## WORK TO BE COMPLETED
Taking the line that contains "EINMALIGE VERWENDUNG Hannover" as the start and the last line of the data as the end, repeat exactly every line in that span, but no pictures.

## THE DATA
►
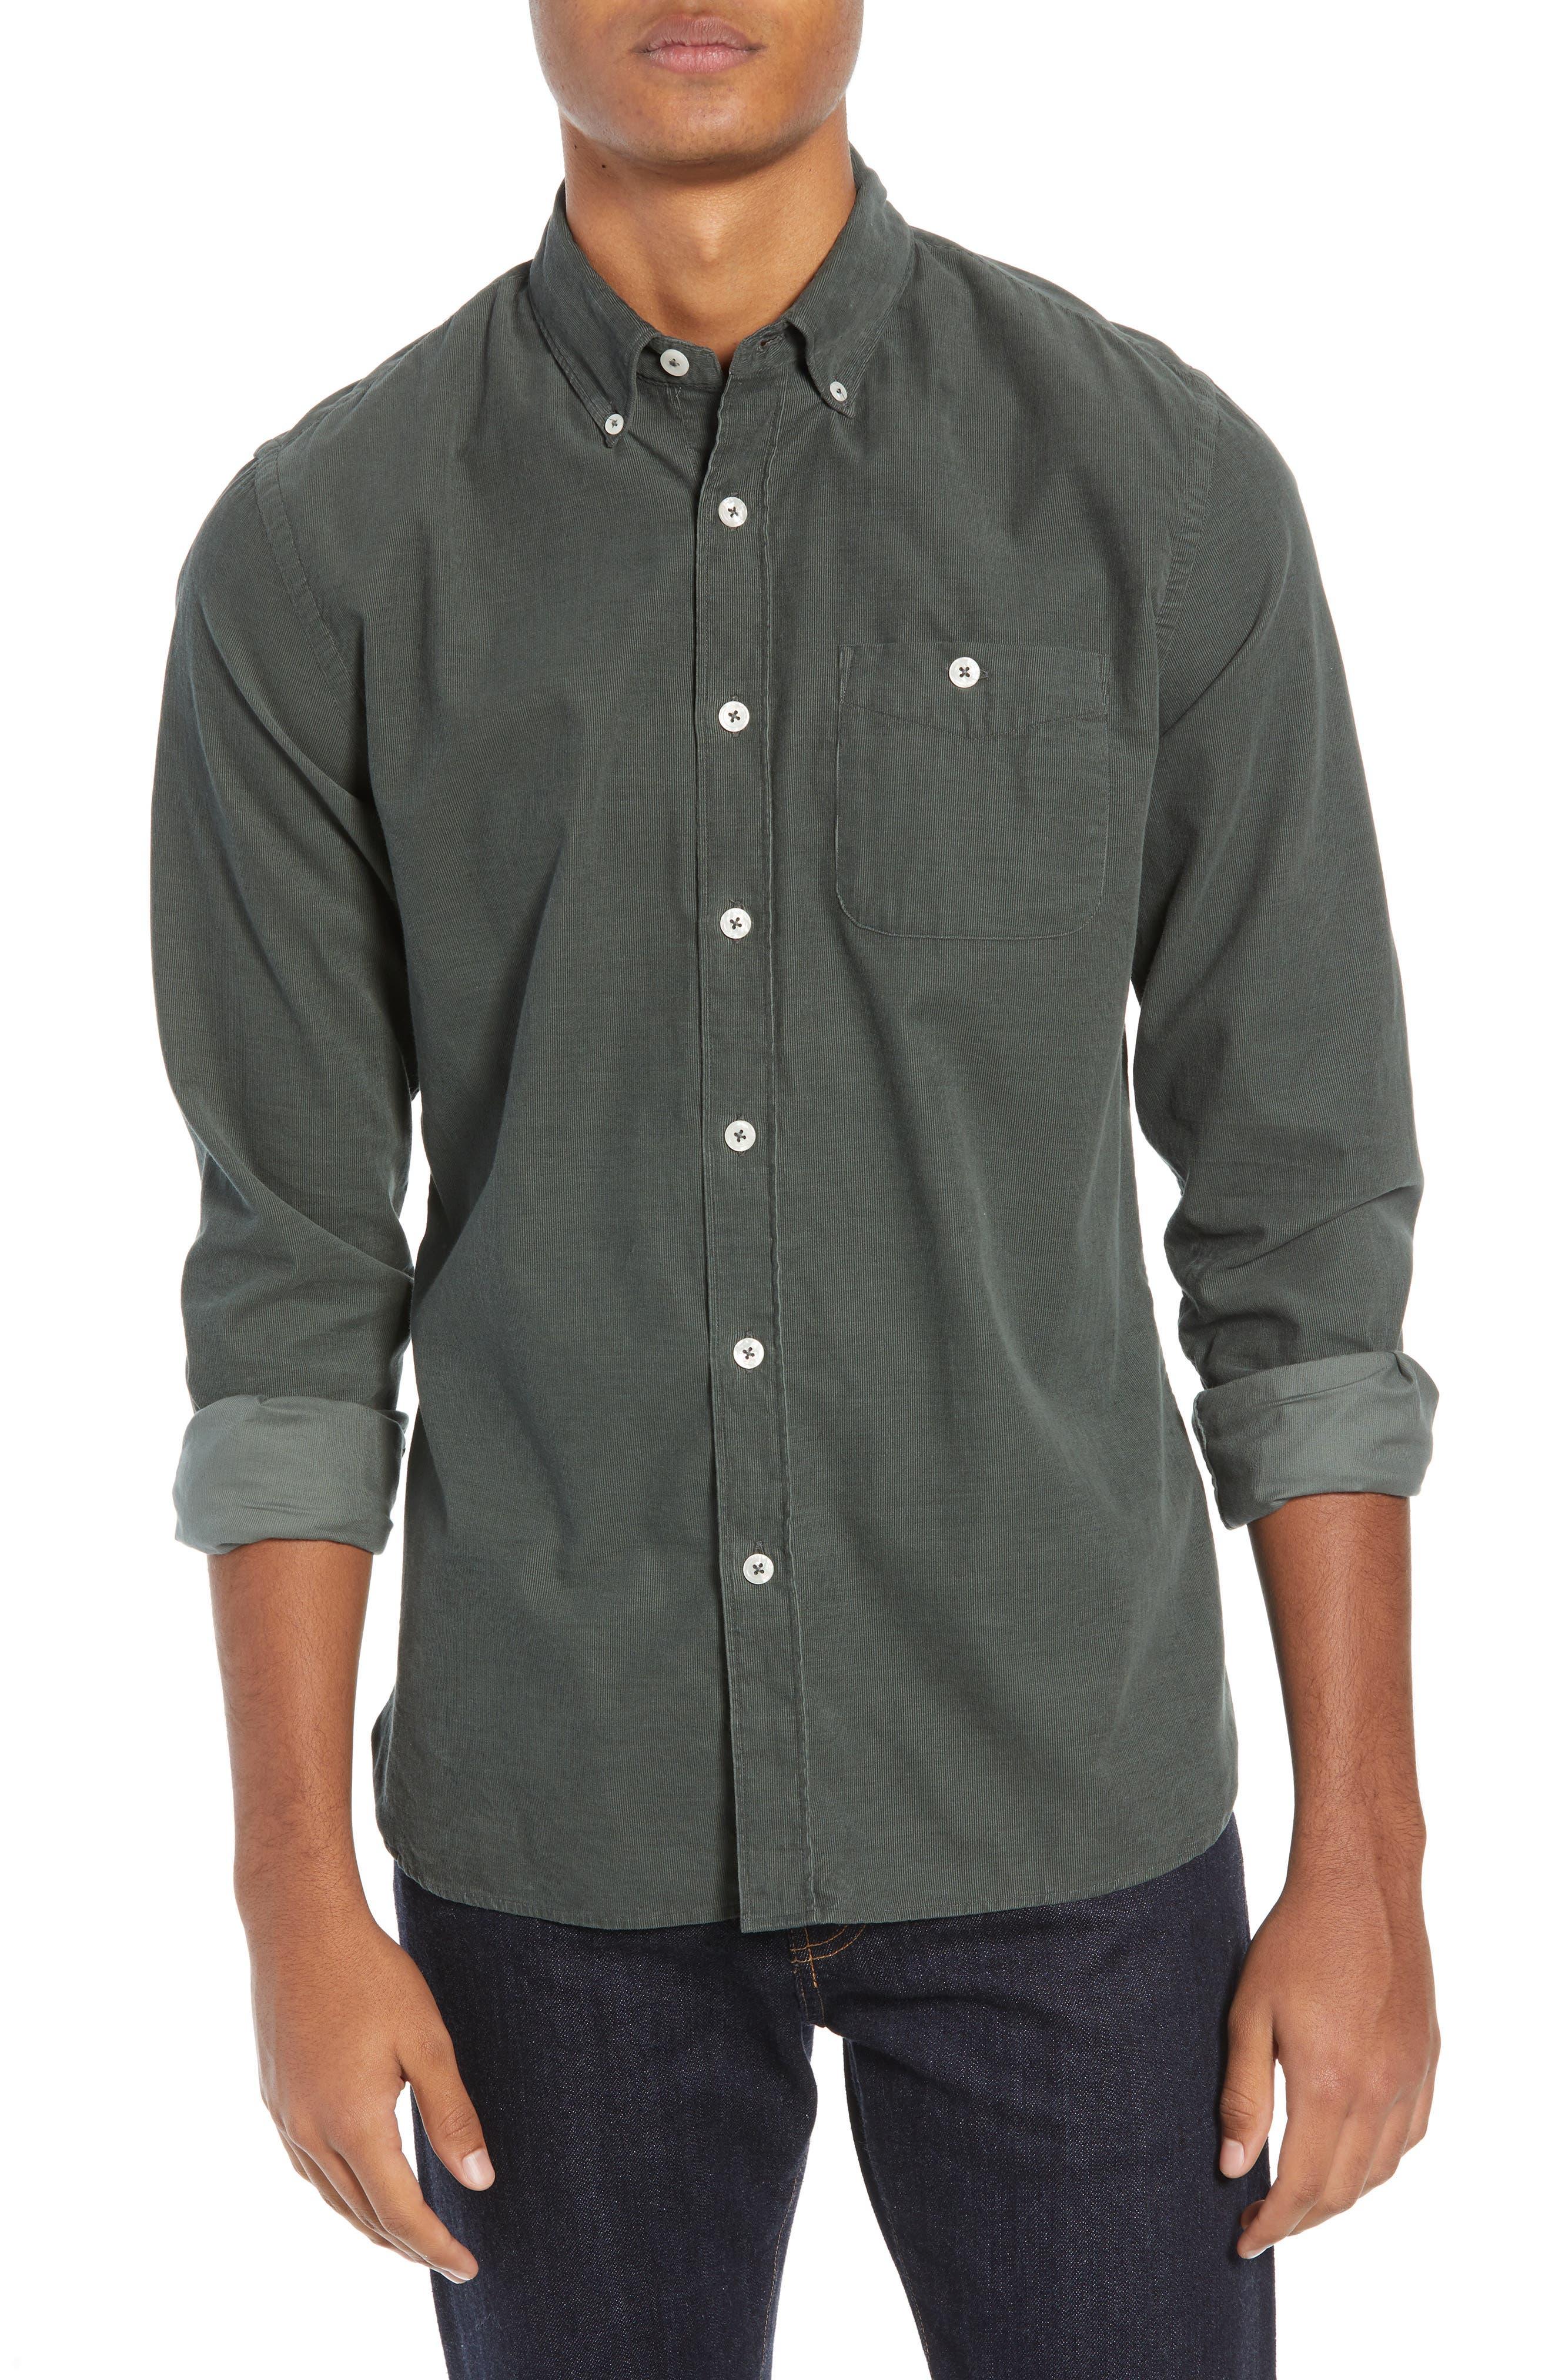 TODD SNYDER Micro Corduroy Regular Fit Sport Shirt in Sage
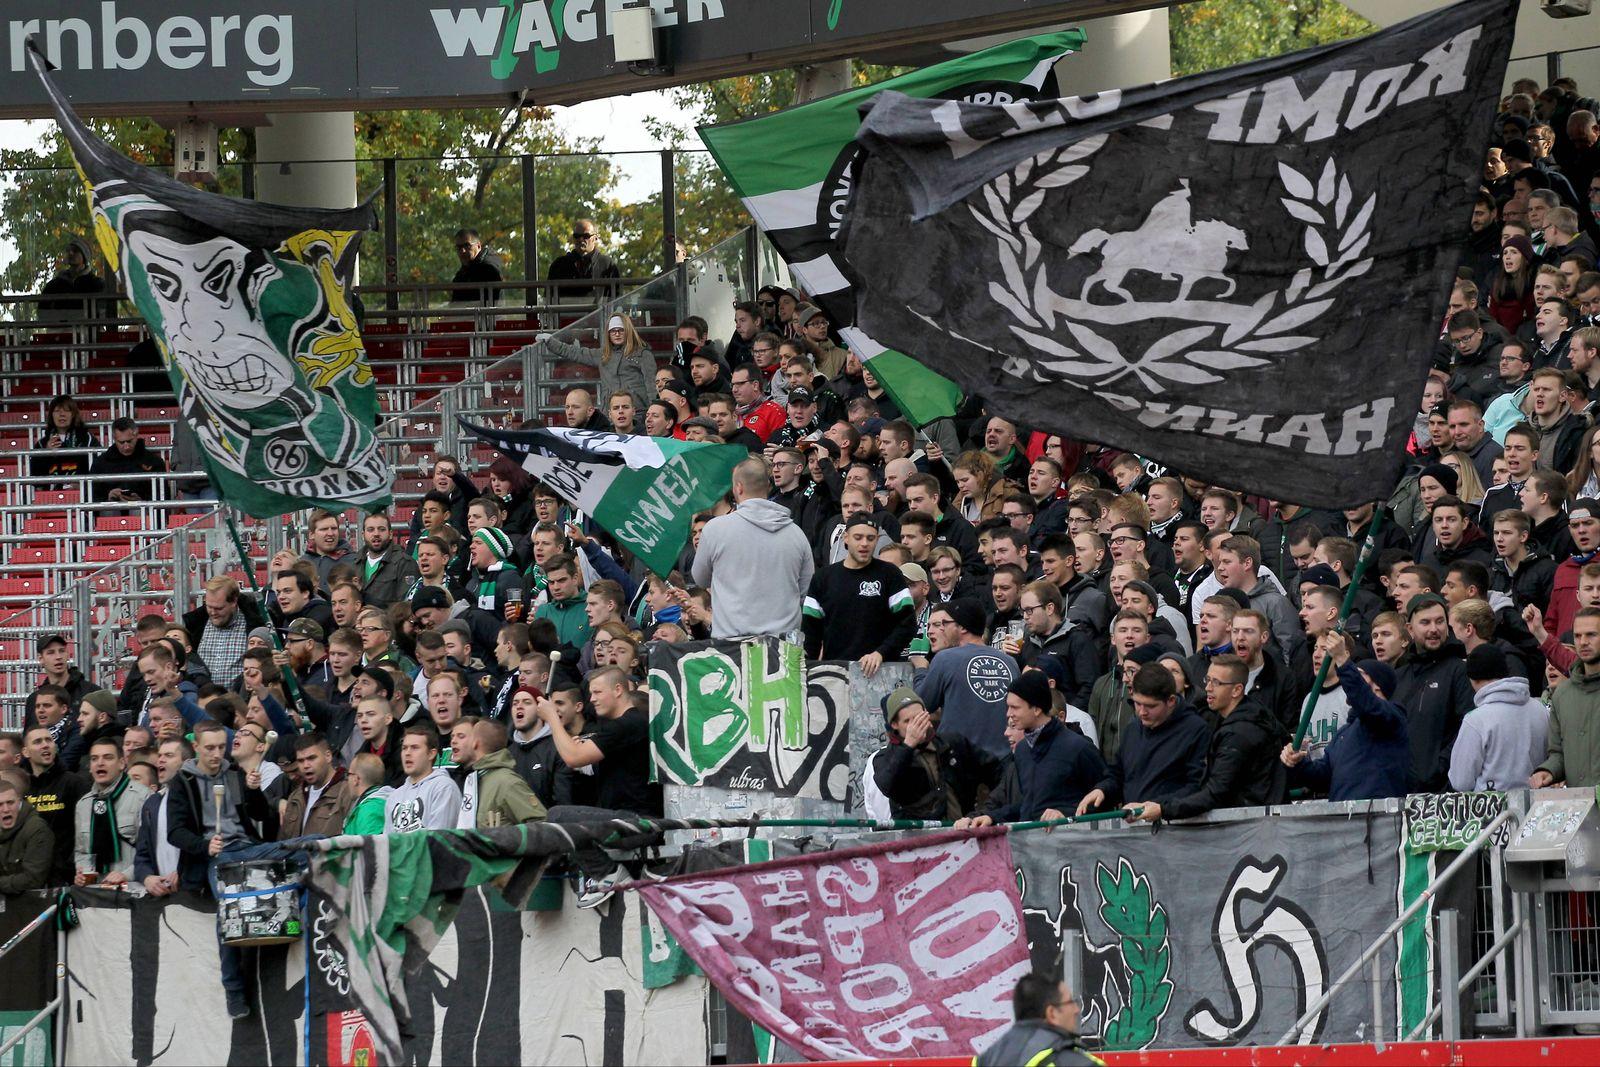 EINMALIGE VERWENDUNG Hannover / Nürnberg / Fahne Rising Boys
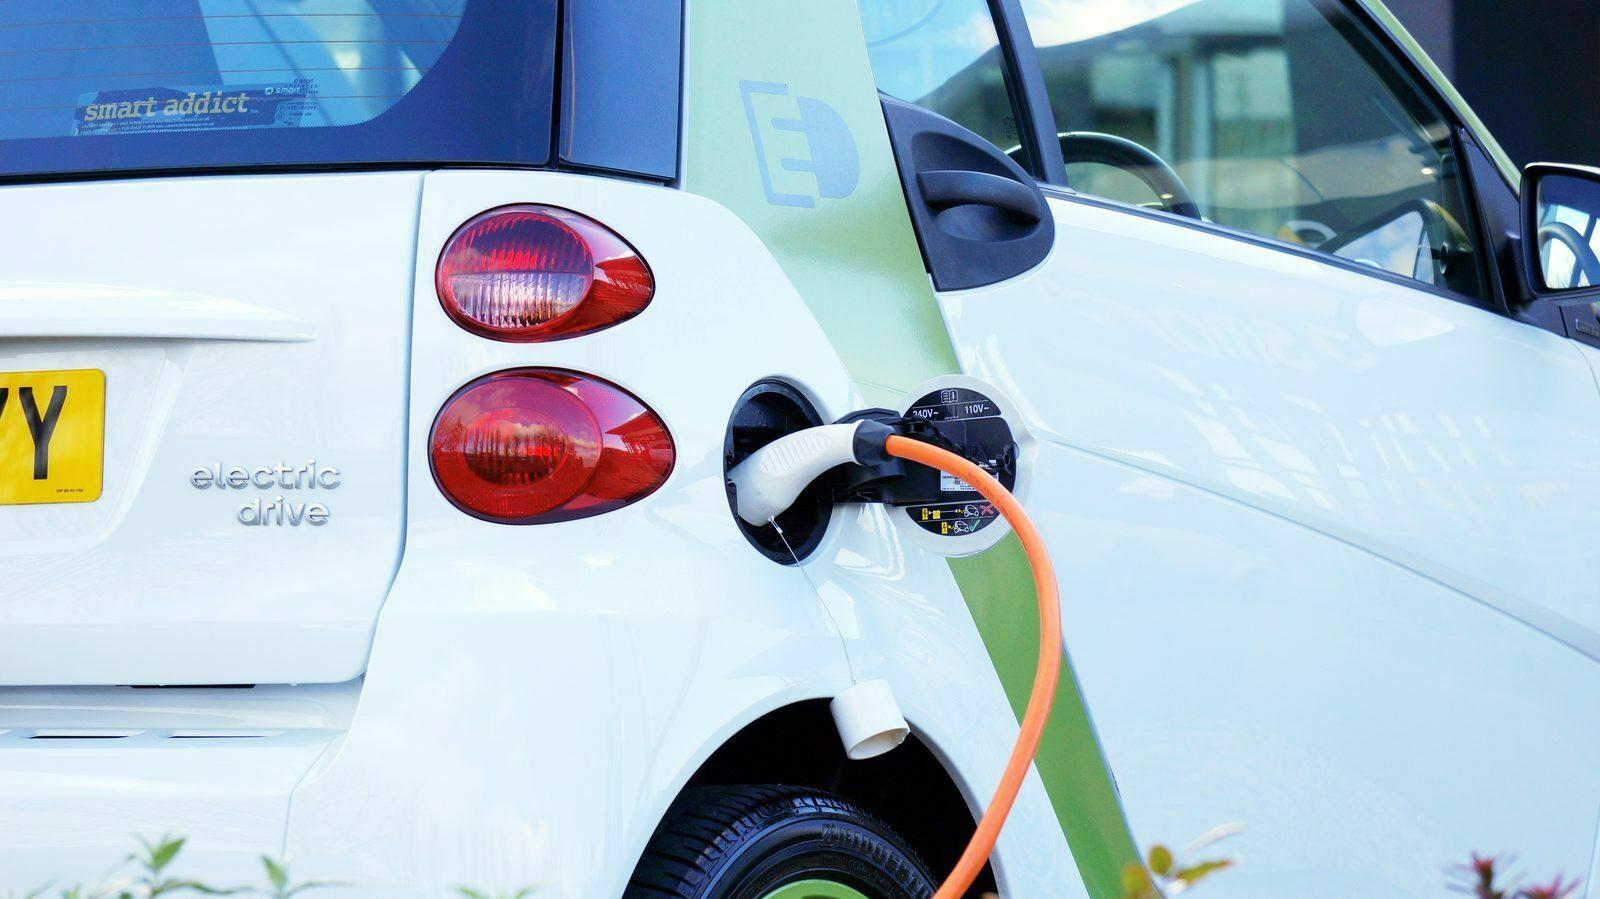 Oplaadpunt elektrische auto (incl. snellader)
◄
## RESULT OF THIS EXERCISE
 EINMALIGE VERWENDUNG Hannover / Nürnberg / Fahne Rising Boys
 Oplaadpunt elektrische auto (incl. snellader)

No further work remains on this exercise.